Environmentally resistant life-stages that allow escape during poor conditions have been widely examined theoretically as a mechanism underlying species coexistence in fluctuating environments. Dormancy is an important life-history strategy that allows individuals to avoid hostile conditions, yet experimentally determining if and when dormancy rescues populations from competitive exclusion has remained a challenge. Here, we use the nematodes Caenorhabditis elegans and its natural competitor C. briggsae to test the role of dormancy for coexistence in fluctuating environments. Under unfavourable conditions, these worms enter an alternative, long-lived, non-feeding larval stage that helps them disperse and survive until circumstances improve. This dauer stage is the functional equivalent of dormancy. We selected strains of C. elegans that had their propensity to become dormant manipulated genetically, then conducted competition assays between C. elegans and C. briggsae under fluctuating temperature conditions. Our study is the first to our knowledge to manipulate the dormancy pathway to test the role of this storage mechanism and serves as an empirical example that clarifies when dormancy can help or hinder species coexistence.
Results/Conclusions
Consistent with previous work, we found that C. elegans outcompetes C. briggsae at cold temperatures, C. briggsae outcompetes C. elegans at warm temperatures and both species produce dormant worms in temperature fluctuation experiments. C. elegans has an increased propensity to enter dormancy under high temperatures when it is being outcompeted by C. briggsae. However, C. briggsae also has an increased propensity to enter dormancy at high temperatures, despite outcompeting C. elegans under those conditions.

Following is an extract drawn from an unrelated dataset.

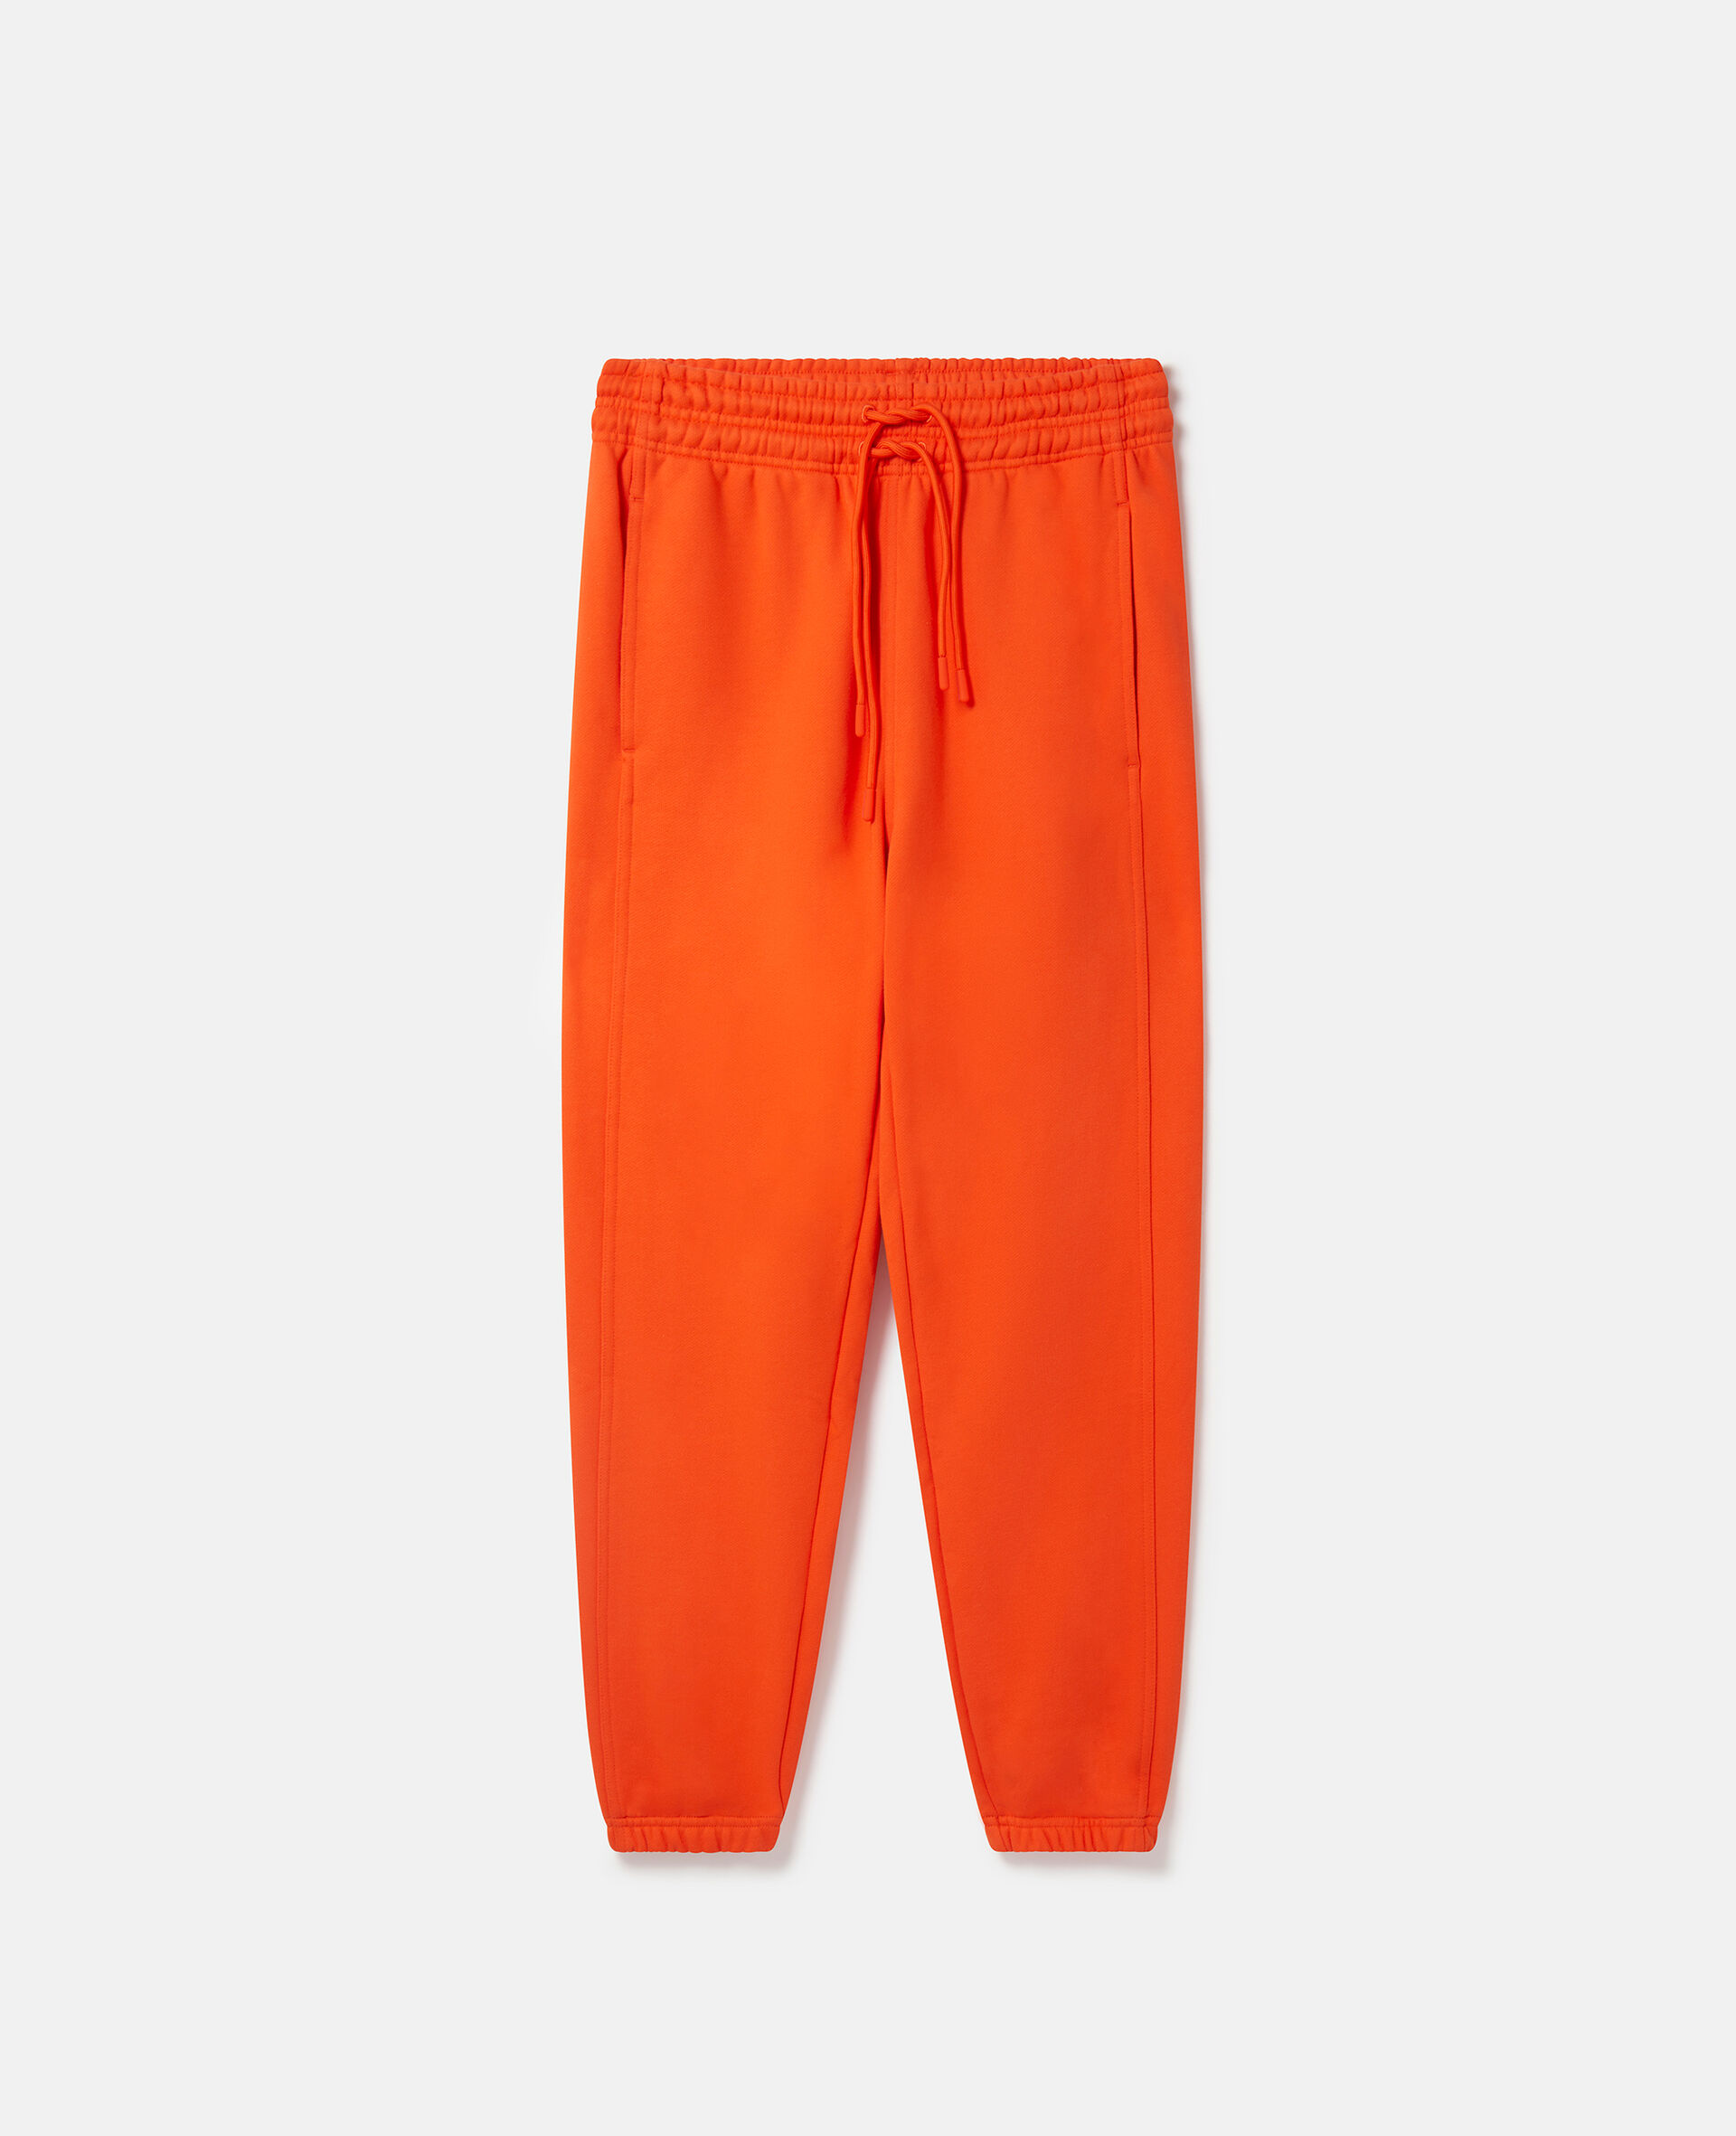 Pantalon de survêtement TrueCasuals-Orange-large image number 0

We also competed C. briggsae with strains of C. elegans that had been genetically manipulated to have either higher or lower propensities to enter dormancy. We found that strains with both elevated and dampened dormancy levels, relative to the wild type, reduce the ability of C. elegans to coexist with C. briggsae. Together, these results suggest that the wild-type propensity of C. elegans to enter dormancy may be optimal for coexistence with C. briggsae. The results of this work provide empirical evidence for adaptive bet-hedging and clarify the role of dormancy for coexistence in fluctuating environments.